Goldman's Blankfein Gets Street's Biggest Paycheck By RANDALL SMITH
Goldman Sachs Group Inc. paid its chairman and chief executive, Lloyd Blankfein, about $54 million for 2006, a record for Wall Street bosses who are harvesting their share of bull-market bounty.
Mr. Blankfein, who became CEO midway through the year when Henry Paulson became Treasury secretary, saw his pay soar 42% from $38 million for 2005, when he was president and chief operating officer.
John Mack of Morgan Stanley, the only other big-firm Wall Street CEO to report his pay, last week disclosed receiving about $41 million for 2006, his first full year at the helm. He received $13 million for five months' work in 2005, on top of a $26 million signing bonus for rejoining in June 2005.
Mr. Blankfein's pay package reflects the firm's performance atop the Wall Street heap over the past year, when its profits rose 70% to $9.54 billion and its stock price surged 59%, increasing its stock- market value by $31 billion.
But it also reflects the inflation in Wall Street CEO pay packages, which last year generally came in at between $30 million and $40 million, with the stock market in the fourth year of a bull run and a boom in private-equity buyouts and hedge-fund trading.
A former tax lawyer and gold salesman who rose to become head of the firm's fixed-income, currency and commodities division in 1998, the 52-year-old Mr. Blankfein epitomizes Goldman's risk-taking culture.
His latest pay package includes a cash bonus of $27.3 million, restricted shares valued at $15.7 million and options valued at $10.5 million, according to a filing yesterday by Goldman, which disclosed the stock awards and included the cash bonus. He also earned a salary of $600,000.
Mr. Blankfein becomes entitled to 40% of the 77,776 shares of restricted stock immediately and the remaining 60% in November 2009.

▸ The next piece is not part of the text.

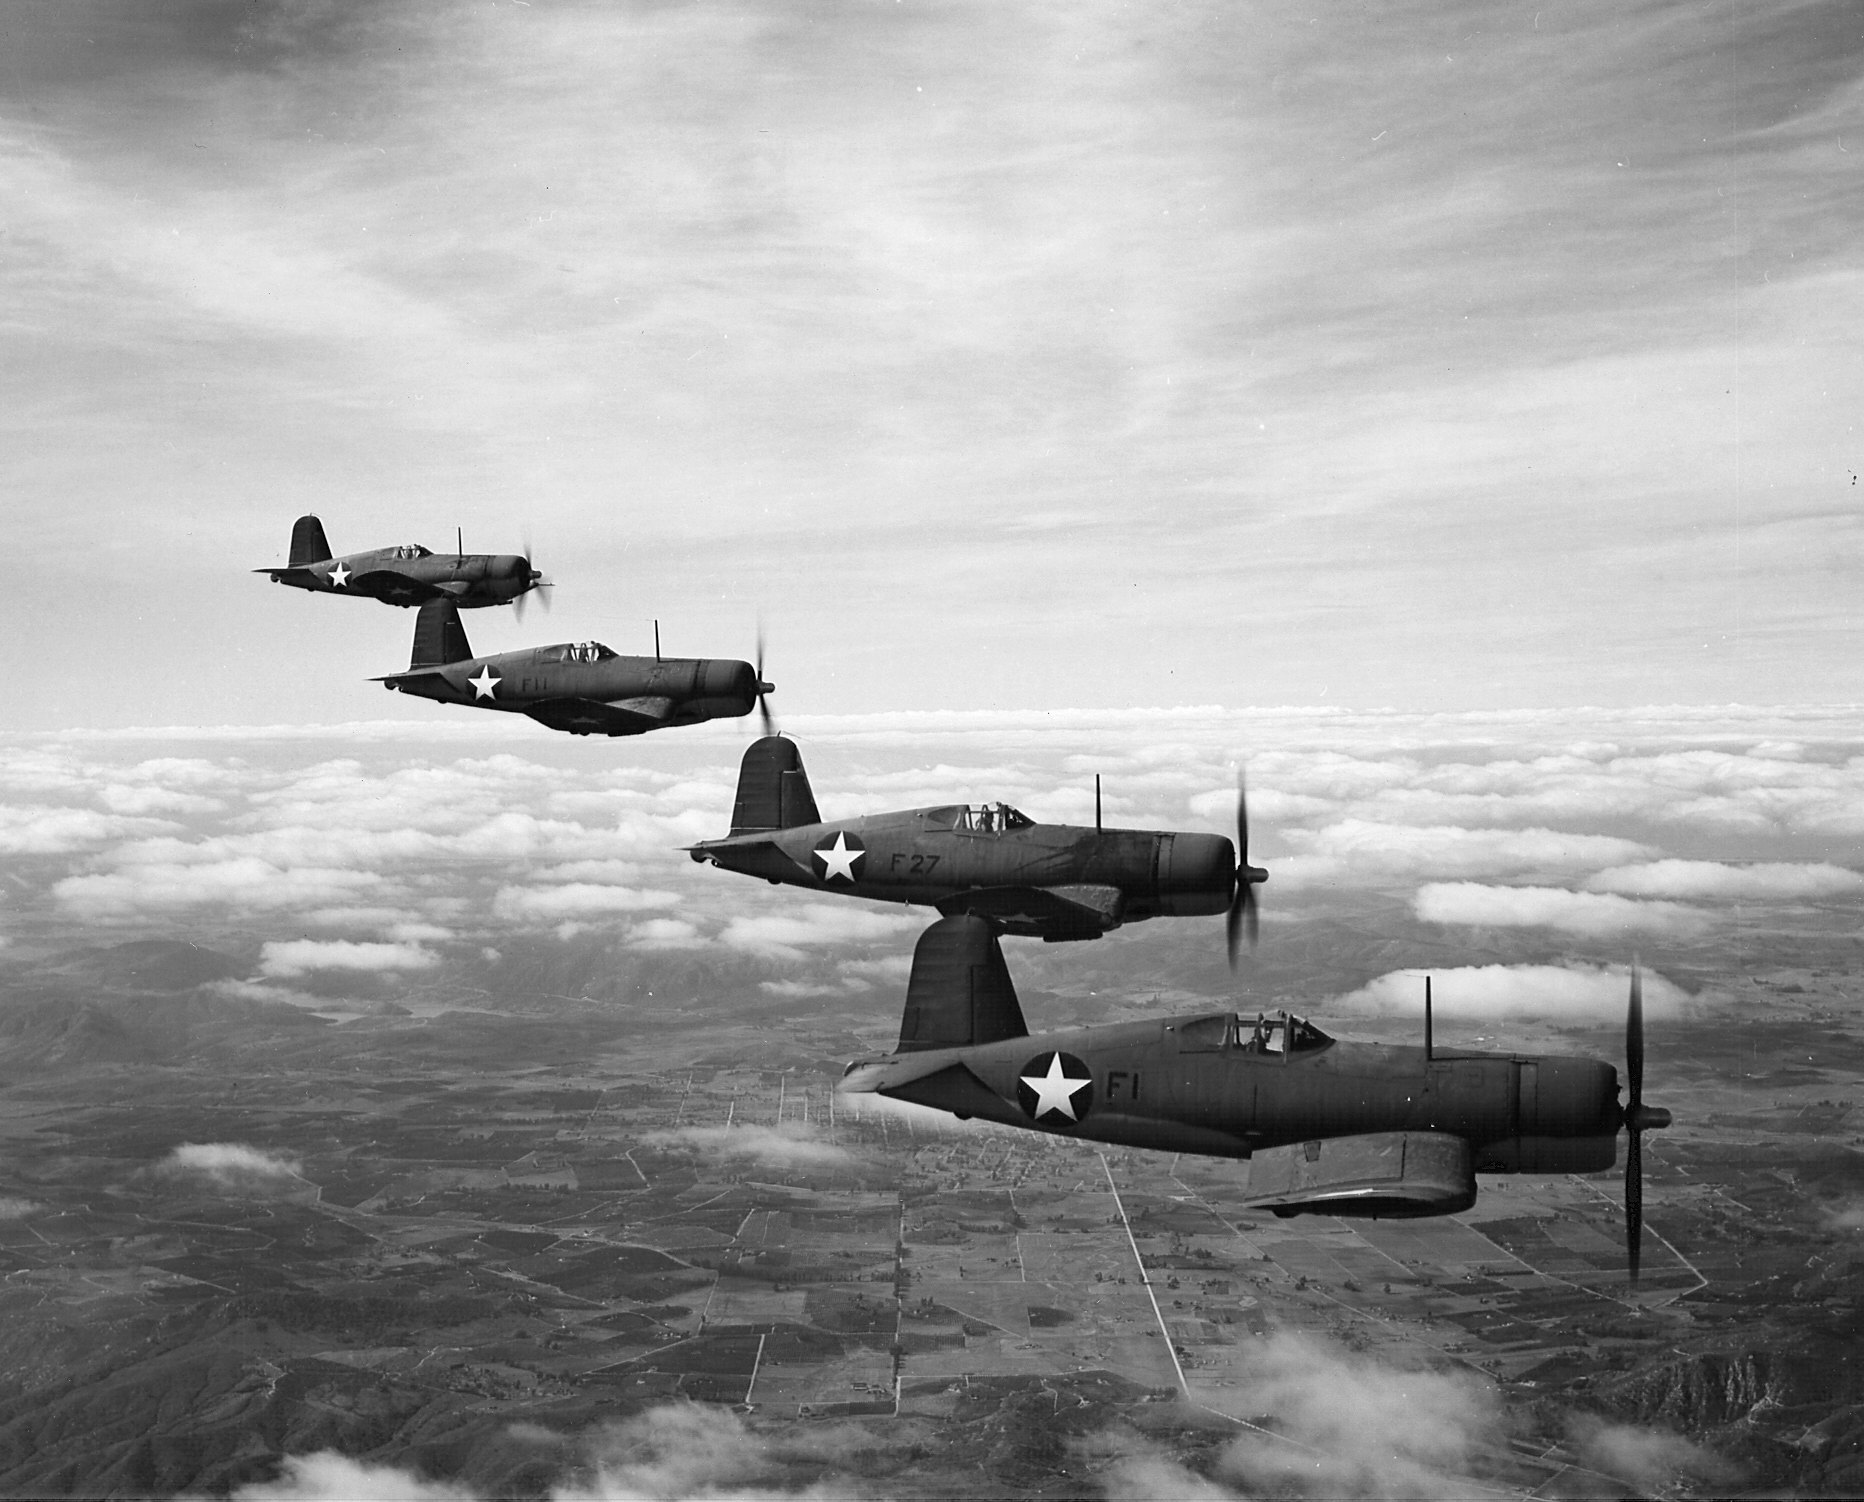 world war 2 air combat maneuvers

Goldman's next two top executives, co-presidents and co-chief operating officers Gary Cohn and Jon Winkelried, received identical packages of $15.4 million in restricted stock and options worth $10.3 million. While Goldman didn't disclose the size of their cash bonuses, neither executive's compensation will top Mr. Blankfein's, according to someone familiar with the firm.